第12巻第655号 - 2015年12月3日(木)


パリ気候変動会議

2015年12月2日(水) | パリ、フランス

英語 (HTML - PDF) | フランス語 (HTML - PDF) | アラビア語 (HTML - PDF) | 日本語 (HTML - PDF)

パリ(フランス)のIISD/ENB会議の報道については、下記のリンクをご参照ください:
http://enb.iisd.org/climate/cop21/enb/


12月2日水曜日、COP 21及びCMP 11はプレナリーを開催し、議題項目の議論を続けた。ADPの下では、一日を通してコンタクトグループ会合が開催され、夕方には進捗状況報告が行われた。
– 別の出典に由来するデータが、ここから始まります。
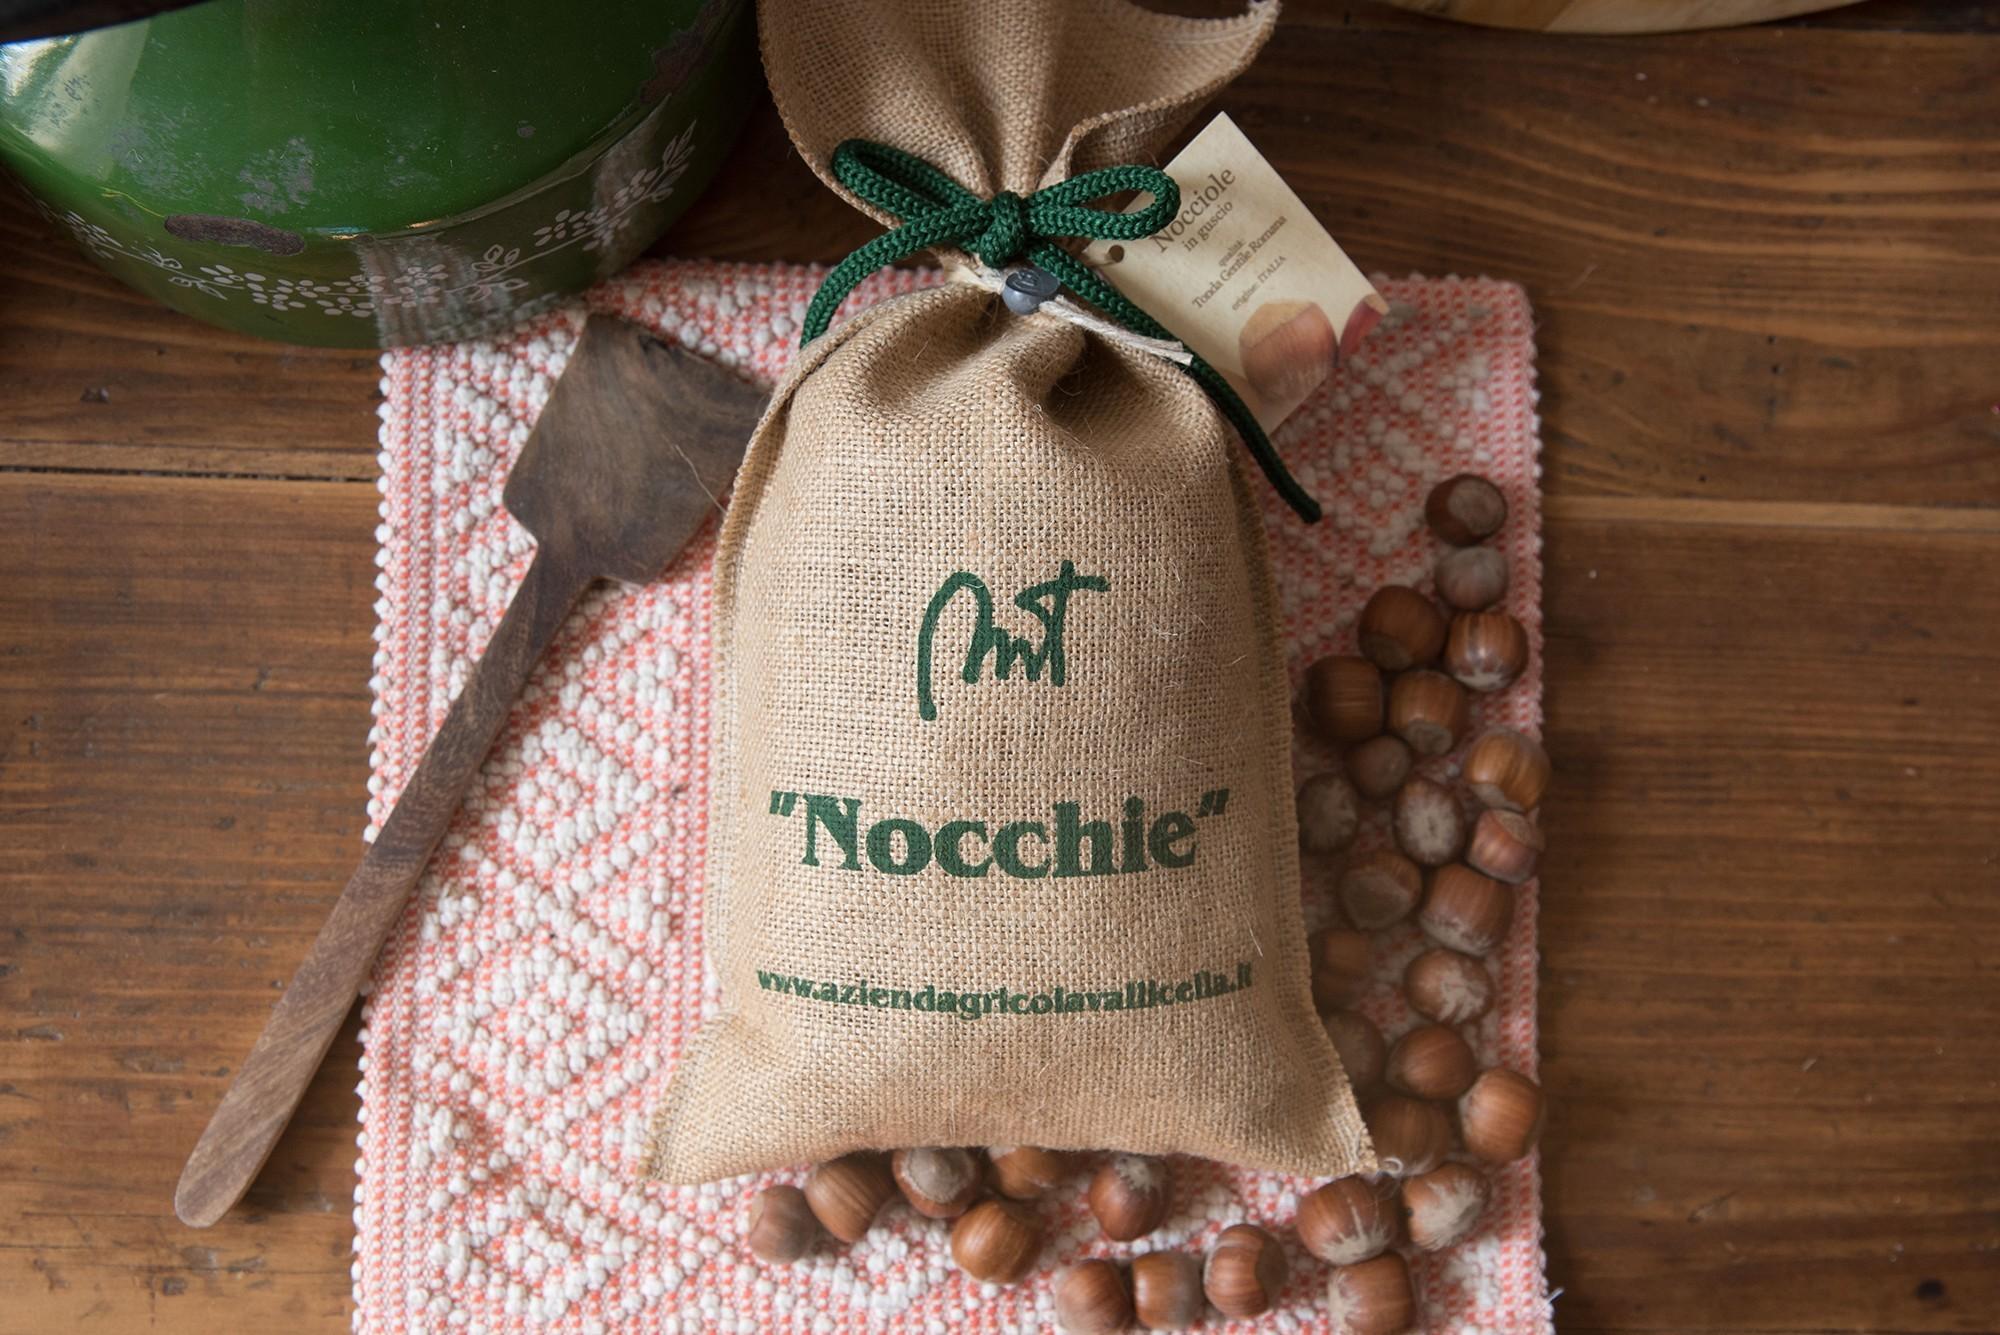 Nocciole con guscio - Azienda Agricola Vallicella

スピンオフグループ及び非公式の非公式会議が開催され、次の議題を議論した:適応;緩和;透明性;世界的な進捗状況調査;キャパシティビルディング;資金;最終条項;目的;技術開発・移転;実施及び遵守;ワークストリーム 2。

SBI及びSBSTAのコンタクトグループ及び非公式協議も一日を通して開催された。

COP 21プレナリー

午前中、COP 21副議長のCheikh Ndiaye Sylla(セネガル)は、プレナリーを開会し、アフリカの締約国はモロッコによるCOP22の開催を支持したと報告、アジア太平洋及び東欧地域の締約国に対し、COP 23及び24の主催国を特定するよう求めた。Philippe Lacoste(フランス)は、非公式協議を開催する。

条約17条の下での締約国提案の審議:締約国は、これまでの慣習に従い、この議題項目をオープンなままとし、日本(FCCC/CP/2009/3)、ツバル(FCCC/CP/2009/4)、米国(FCCC/CP/2009/7)、オーストラリア(FCCC/CP/2009/5)、コスタリカ(FCCC/CP/2009/6)、グレナダ(FCCC/CP/2010/3)の提案について、閉会プレナリーにおいてCOP 21副議長のSyllaが報告することで合意した。
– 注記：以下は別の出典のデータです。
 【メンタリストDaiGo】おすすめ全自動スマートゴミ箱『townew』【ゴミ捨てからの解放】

条約15条の下での締約国の改定案の審議:ロシアの提案:締約国は、Xavier Sticker(フランス)が非公式協議を行うことで合意した。(FCCC/CP/2011/5)

パプアニューギニア及びメキシコの提案:締約国は、Xavier Sticker(フランス)がこの議題項目に関する非公式協議を行うことで合意した。(FCCC/CP/2011/4/Rev.1)
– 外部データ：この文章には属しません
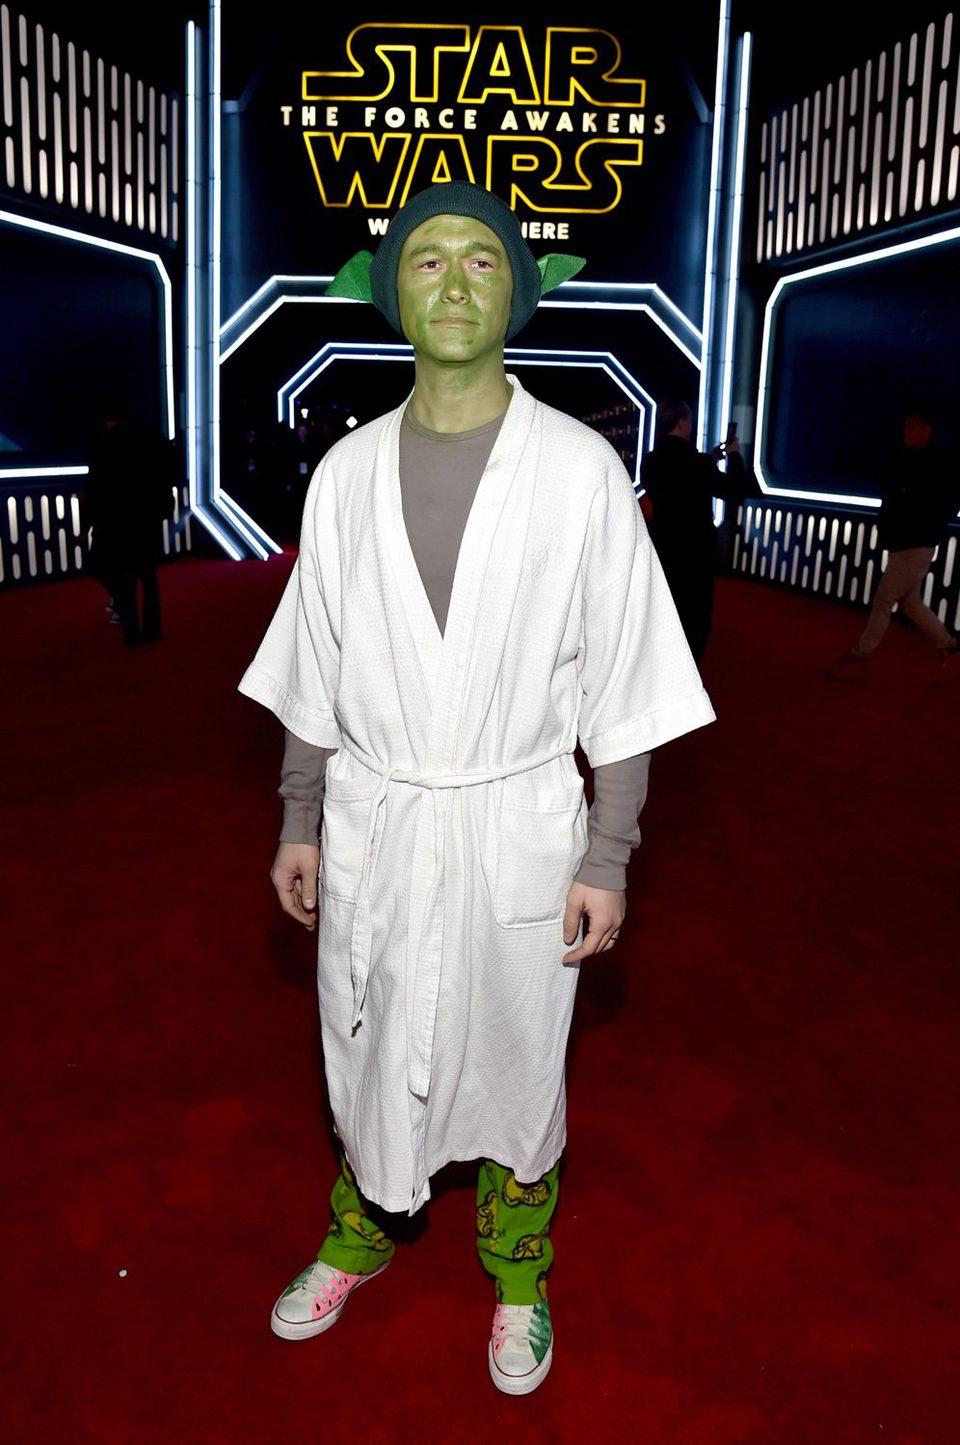 Joseph Gordon-Levitt in the 'Star Wars: The Force Awakens' World Premiere

技術の開発及び移転、ならびに技術メカニズムの実施:技術メカニズムと条約の資金メカニズムとのリンク:締約国は、Carlos Fuller(ベリーズ)とElfriede More(オーストリア)によるこの議題項目の非公式協議開催で合意した。(FCCC/CP/2014/6, FCCC/SB/2015/1、FCCC/CP/2015/3及びAdd.1)

資金関連問題:長期資金:締約国は、この小項目(FCCC/CP/2015/2及びINF.1)、及び資金常任委員会(SCF)(FCCC/CP/2015/8)の報告に関する小項目を共同審議するコンタクトグループを設置し、Andres Mogro(エクアドル)及びMark Storey(スウェーデン)を共同議長とすることで合意した。

SCFの報告:SCF共同議長のHussein Alfa Nafo(マリ)は、同委員会において初めて、GCF及び地球環境ファシリティー(GEF)へのガイダンスに関する文章を取りまとめた2つの草案が提示されたと報告した。同共同議長は、適応基金と他の条約の下での制度とのリンクに関する審議を含め、2016-2017年における作業分野に焦点を当てた。

GCFの報告及びGCFへのガイダンス:GCF理事会共同議長のHenrik Harboe(ノルウェー)は、GCFの重要な達成事項に焦点を当てた、これらの項目には次が含まれる:136の国家認定当局の任命;資金を実地の行動に振り向ける20の組織の認定;プレッジされた最初の100億米ドルの58%に相当する貢献合意の締結。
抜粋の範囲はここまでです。